In addition, due to the partial involvement of CYP3A4 in the metabolic elimination of Provigil, coadministration of potent inducers of CYP3A4 (e.g., carbamazepine, phenobarbital, rifampin) or inhibitors of CYP3A4 (e.g., ketoconazole, itraconazole) could alter the plasma levels of Provigil.
Provigil side effects
The following serious adverse reactions are described elsewhere in the labeling:
- Serious Rash, including Stevens-Johnson Syndrome
- Angioedema and Anaphylaxis Reactions
- Multi-organ Hypersensitivity Reactions
- Persistent Sleepiness
- Psychiatric Symptoms
- Effects on Ability to Drive and Use Machinery
- Cardiovascular Events
Clinical Trials Experience
Because clinical trials are conducted under widely varying conditions, adverse reaction rates observed in the clinical trials of a drug cannot be directly compared to rates in the clinical trials of another drug and may not reflect the rates observed in practice.

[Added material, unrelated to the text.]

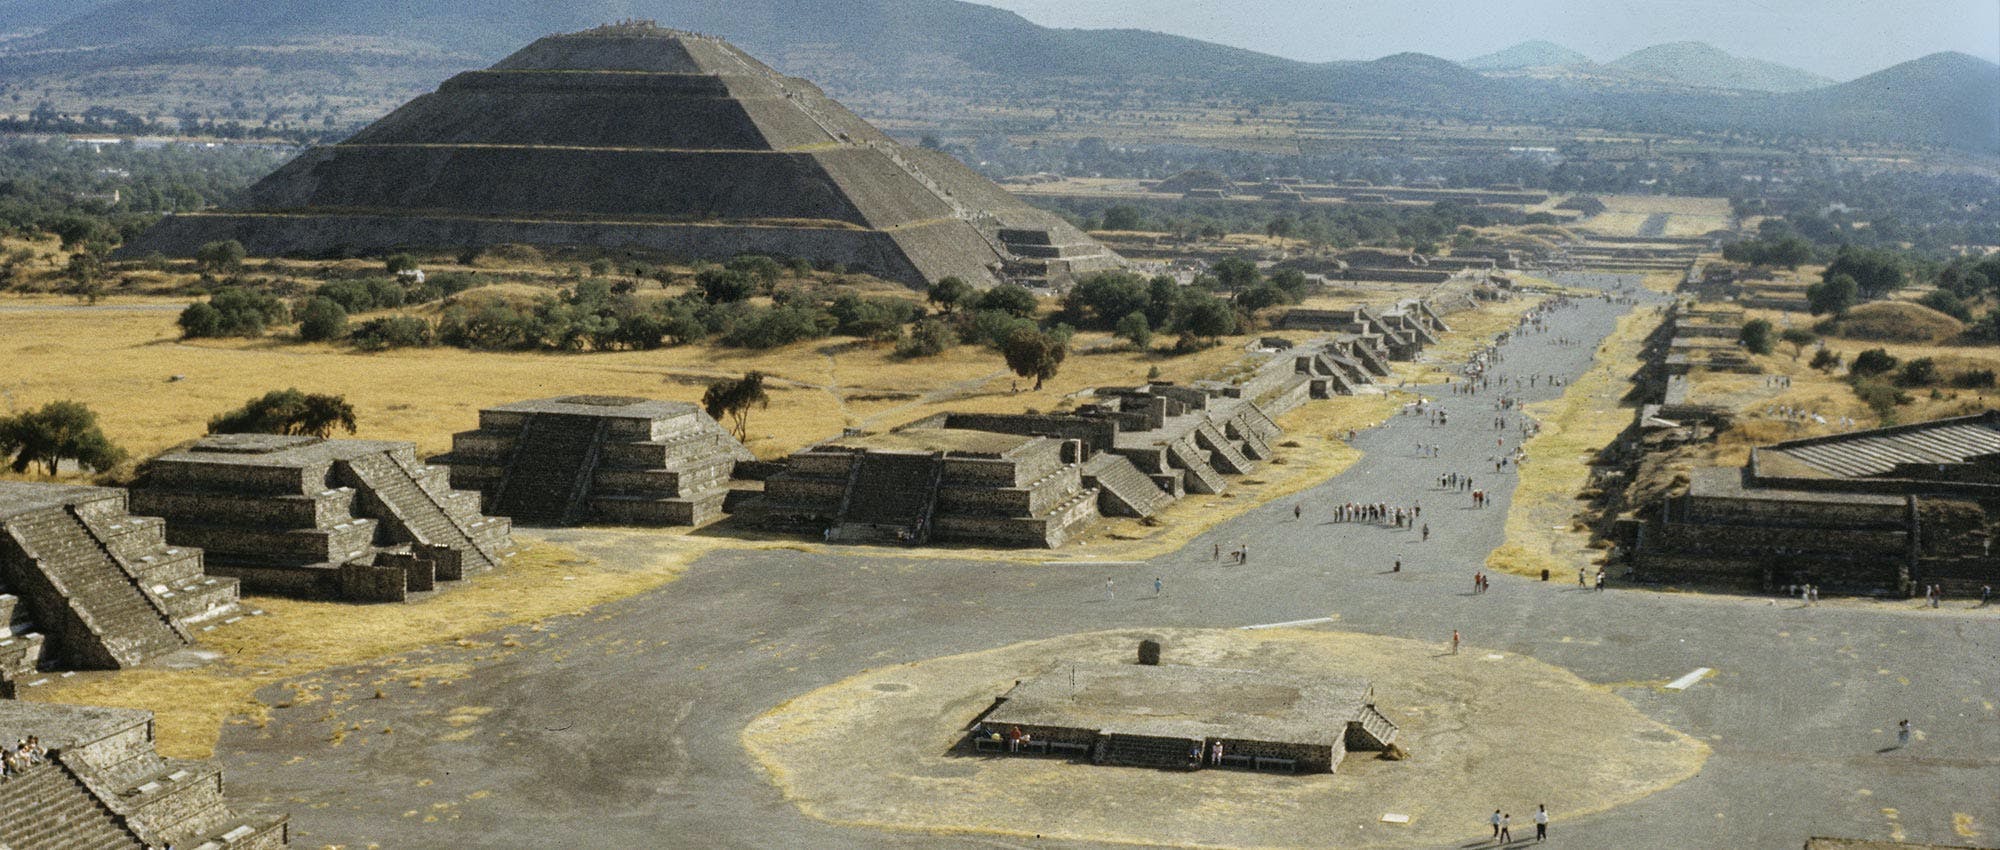 Centro Histórico da Cidade do México, Pirâmides de Teotihuacán e degustação de bebidas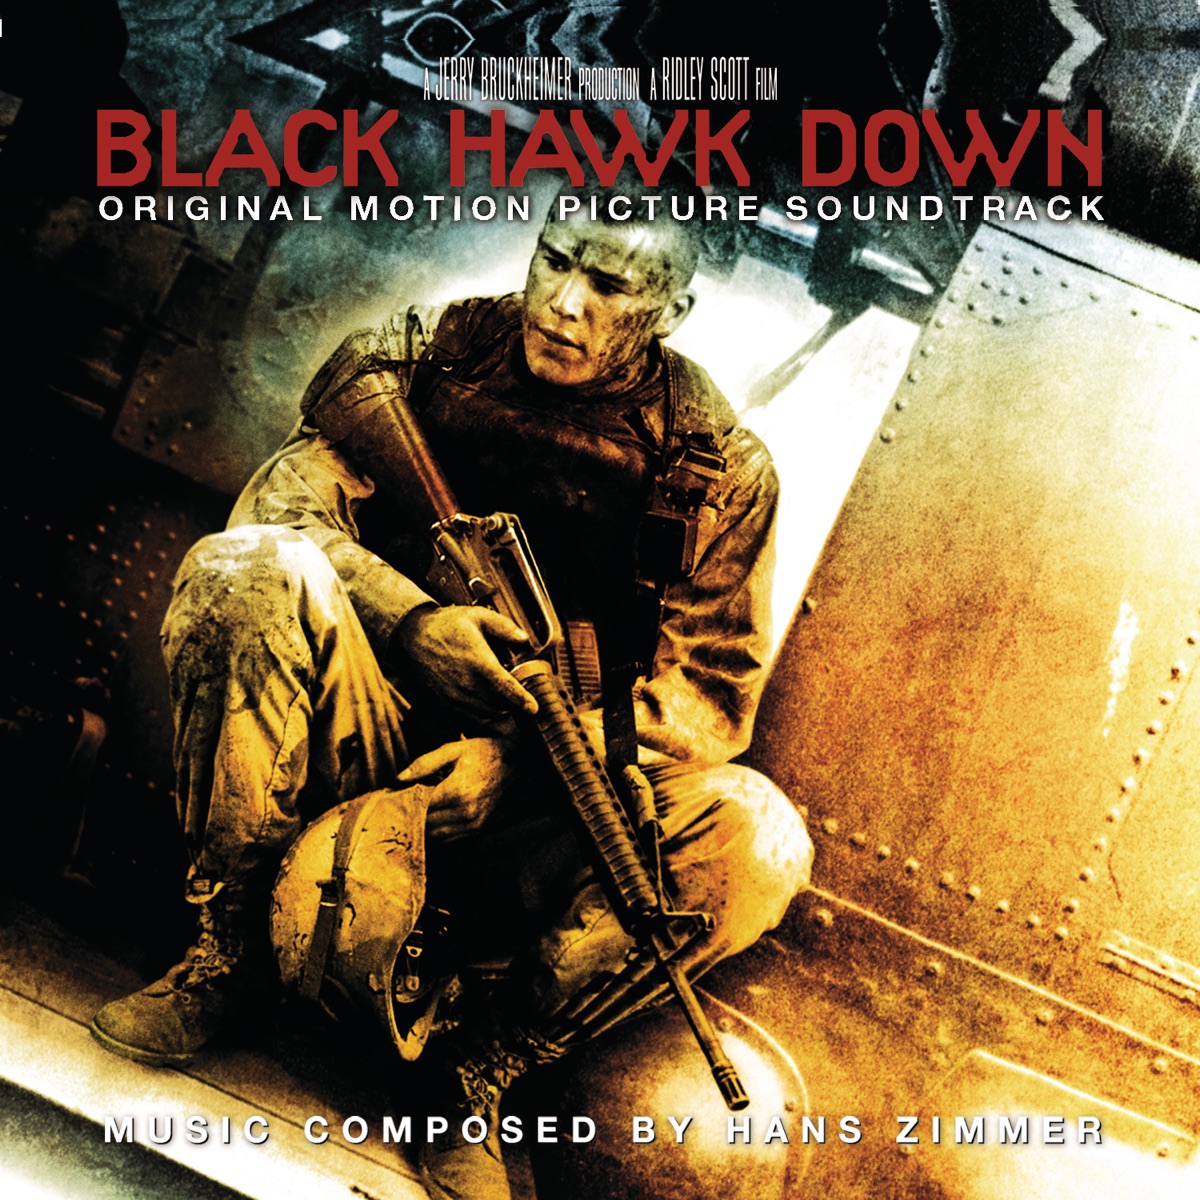 Black Hawk Down (Original Motion Picture Soundtrack) - Album by Hans Zimmer  - Apple Music

Provigil tablets have been evaluated for safety in over 3,500 patients, of whom more than 2,000 patients with excessive sleepiness associated with OSA, SWD, and narcolepsy.
Most Common Adverse Reactions
In placebo-controlled clinical trials, the most common adverse reactions (≥ 5%) associated with the use of Provigil tablets more frequently than placebo-treated patients were headache, nausea, nervousness, rhinitis, diarrhea, back pain, anxiety, insomnia, dizziness, and dyspepsia. The adverse reaction profile was similar across these studies.
Table 1 presents the adverse reactions that occurred at a rate of 1% or more and were more frequent in Provigil tablets-treated patients than in placebo-treated patients in the placebo-controlled clinical trials.
Table 1. Adverse Reactions in Pooled Placebo-Controlled Trials* in Narcolepsy, OSA, and SWD
* Adverse Reactions that occurred in ≥1% of Provigil tablets-treated patients (either 200, 300, or 400mg once daily) and greater incidence than placebo
Dose-Dependent Adverse Reactions
In the placebo-controlled clinical trials which compared doses of 200, 300, and 400 mg/day of Provigil tablets and placebo, the following adverse reactions were dose related: headache and anxiety.
Adverse Reactions Resulting in Discontinuation of Treatment
In placebo-controlled clinical trials, 74 of the 934 patients (8%) who received Provigil tablets discontinued due to an adverse reaction compared to 3% of patients that received placebo. The most frequent reasons for discontinuation that occurred at a higher rate for Provigil tablets than placebo patients were headache (2%), nausea, anxiety, dizziness, insomnia, chest pain, and nervousness (each <1%).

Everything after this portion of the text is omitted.